Cloudzero · evan-cz · Jun 10, 2026
@@ -867,29 +867,26 @@ components:
       # https://kubernetes.io/docs/tasks/configure-pod-container/security-context/
       securityContext: {}
 
-  # Prometheus Operator monitoring integration.
+  # Monitoring integration with the customer's Prometheus stack.
   #
-  # When enabled, the chart creates ServiceMonitor and PrometheusRule CRDs that
-  # allow the Prometheus Operator to automatically discover and scrape CloudZero
-  # Agent metrics, and to evaluate pre-configured alert rules.
-  #
-  # This follows the same null/true/false pattern as integrations.istio:
-  #
-  # - null (default): Follow the release default. Currently maps to "false"

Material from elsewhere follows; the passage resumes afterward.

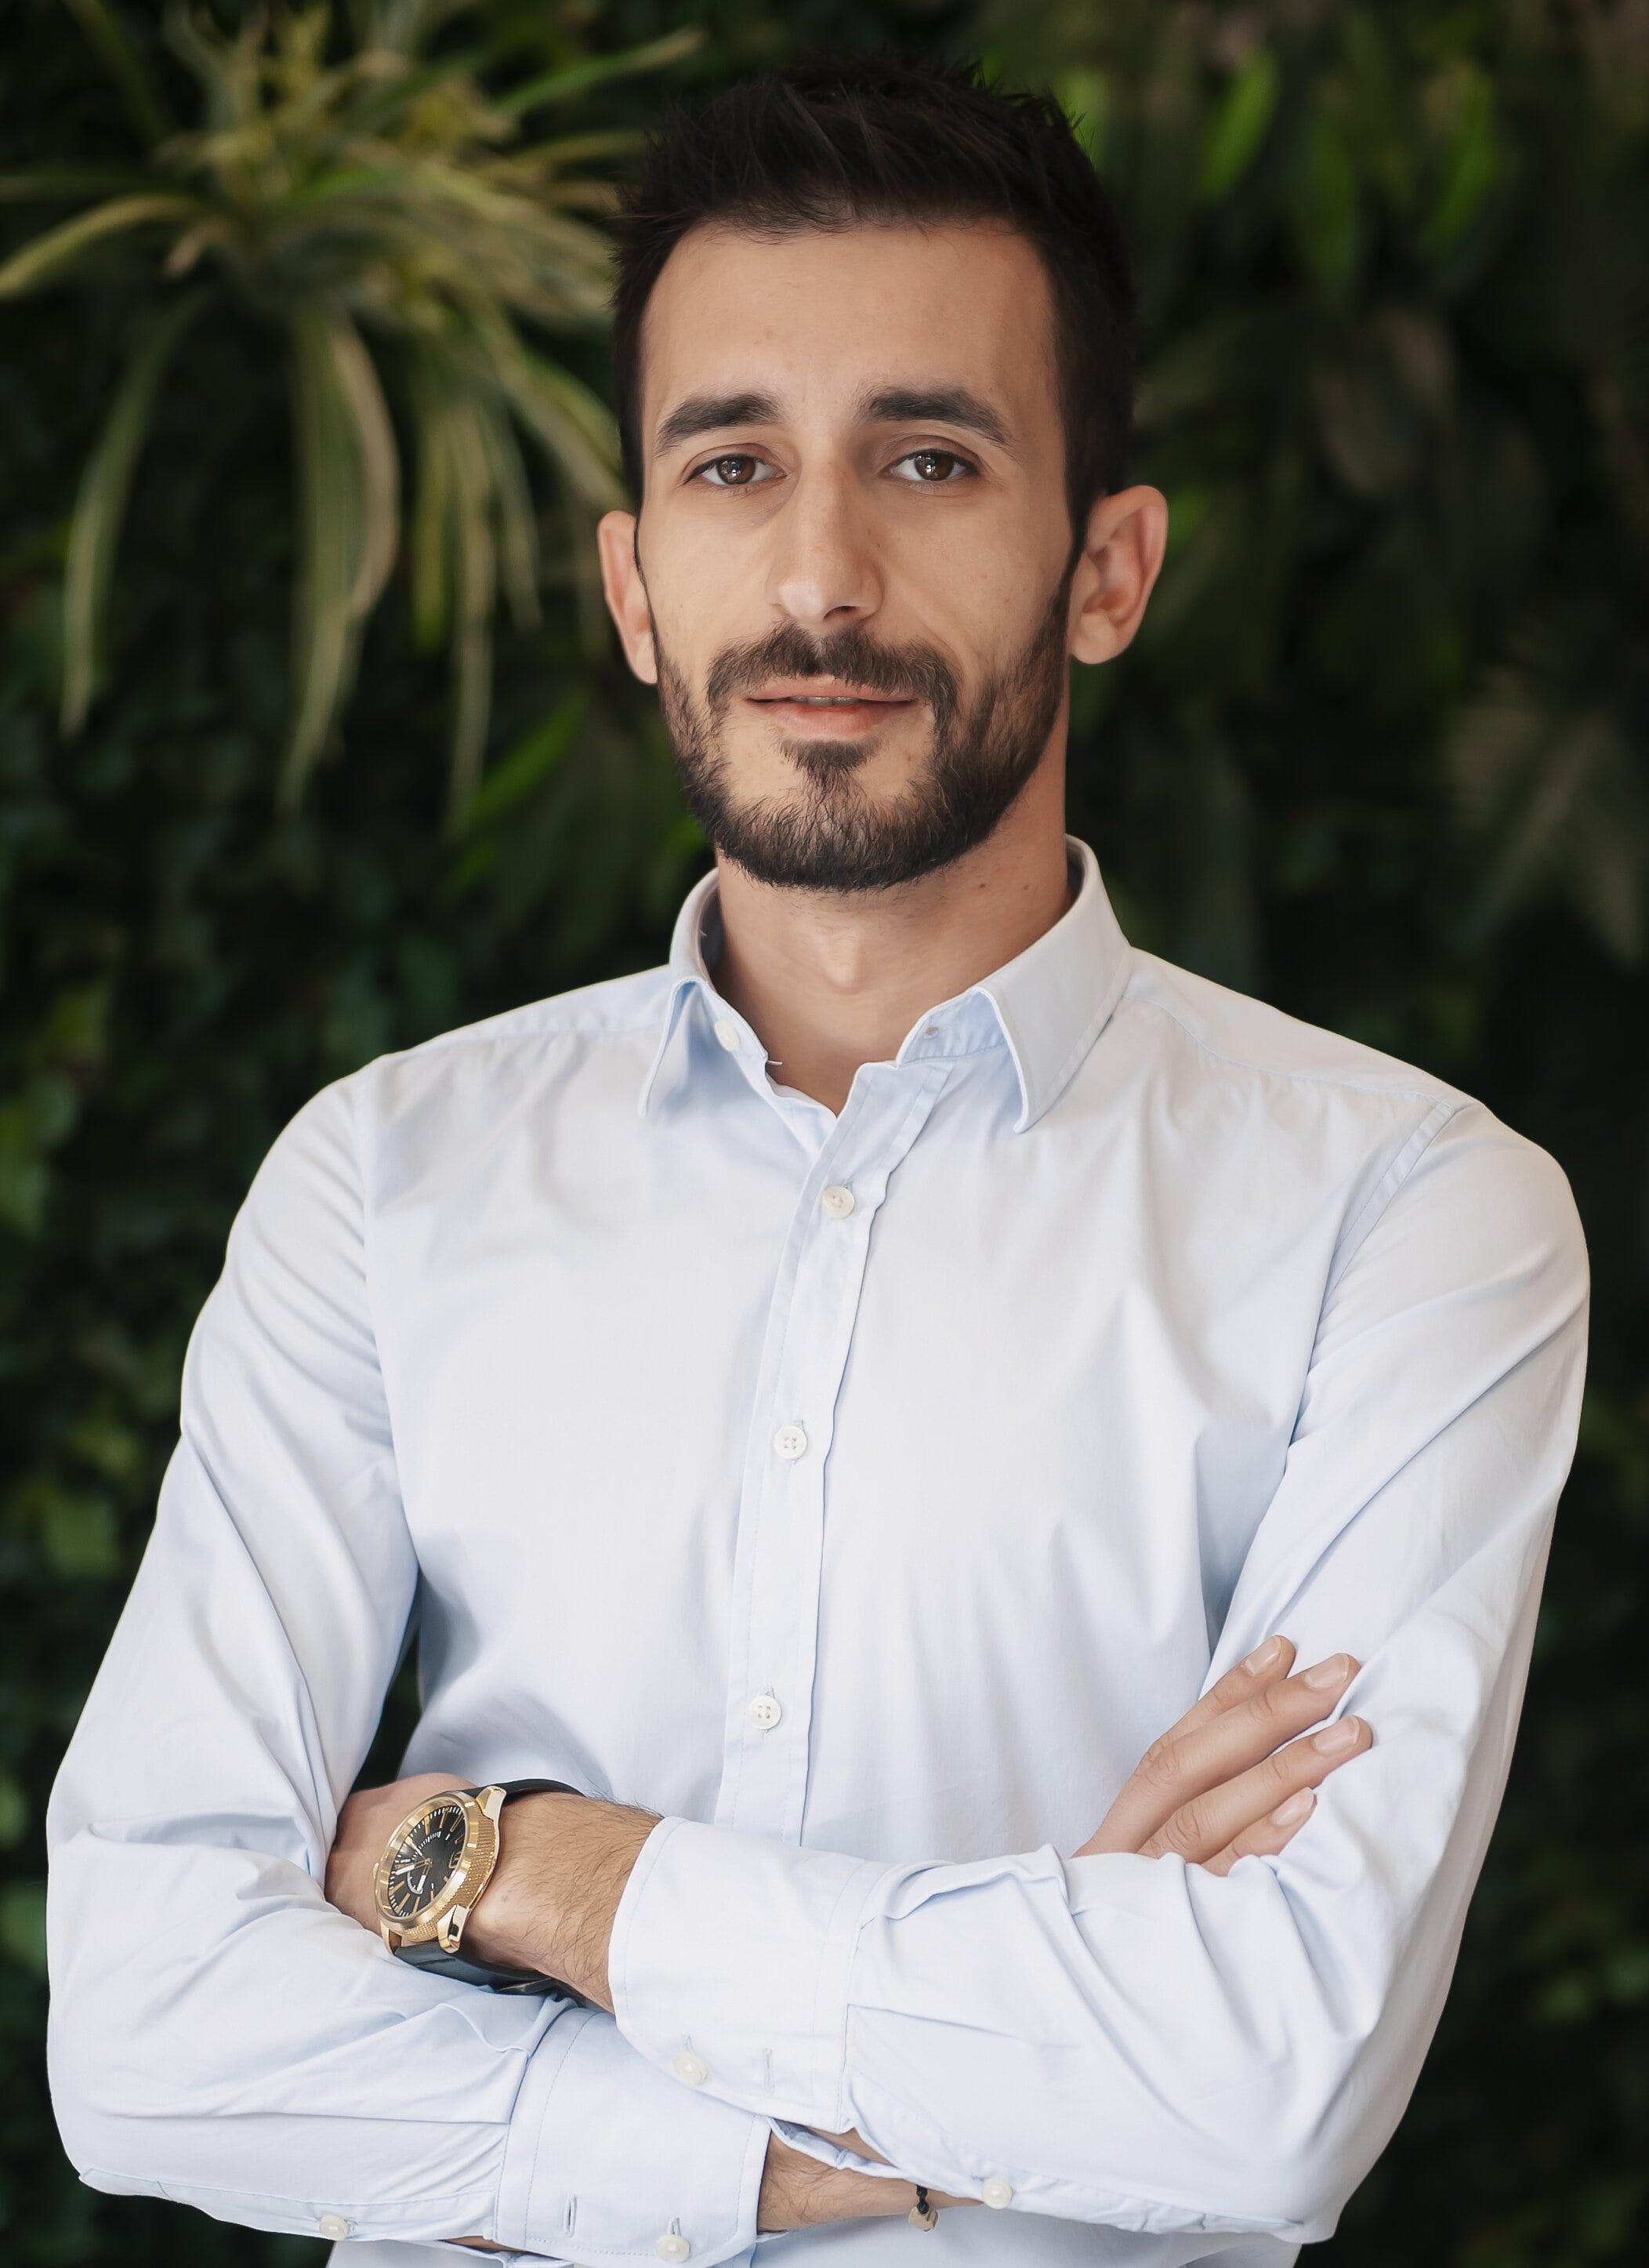 Ermir Myrtaj

-  #   (disabled) while this feature is being validated. In a future release,
-  #   null will map to "auto". Use null unless you have a reason to override.
-  # - "auto": Auto-detect. Creates monitoring CRDs only if the Prometheus
-  #   Operator CRDs (monitoring.coreos.com/v1) are available in the cluster.
-  # - true: Always create monitoring CRDs. Helm will fail if the Prometheus
-  #   Operator CRDs are not installed in the cluster.
-  # - false: Never create monitoring CRDs.
-  #
-  # To opt in now, set to "auto" or true.
-  #
-  # Regardless of this setting, prometheus.io/* annotations are always added to
-  # Services for customers using standard Prometheus service discovery.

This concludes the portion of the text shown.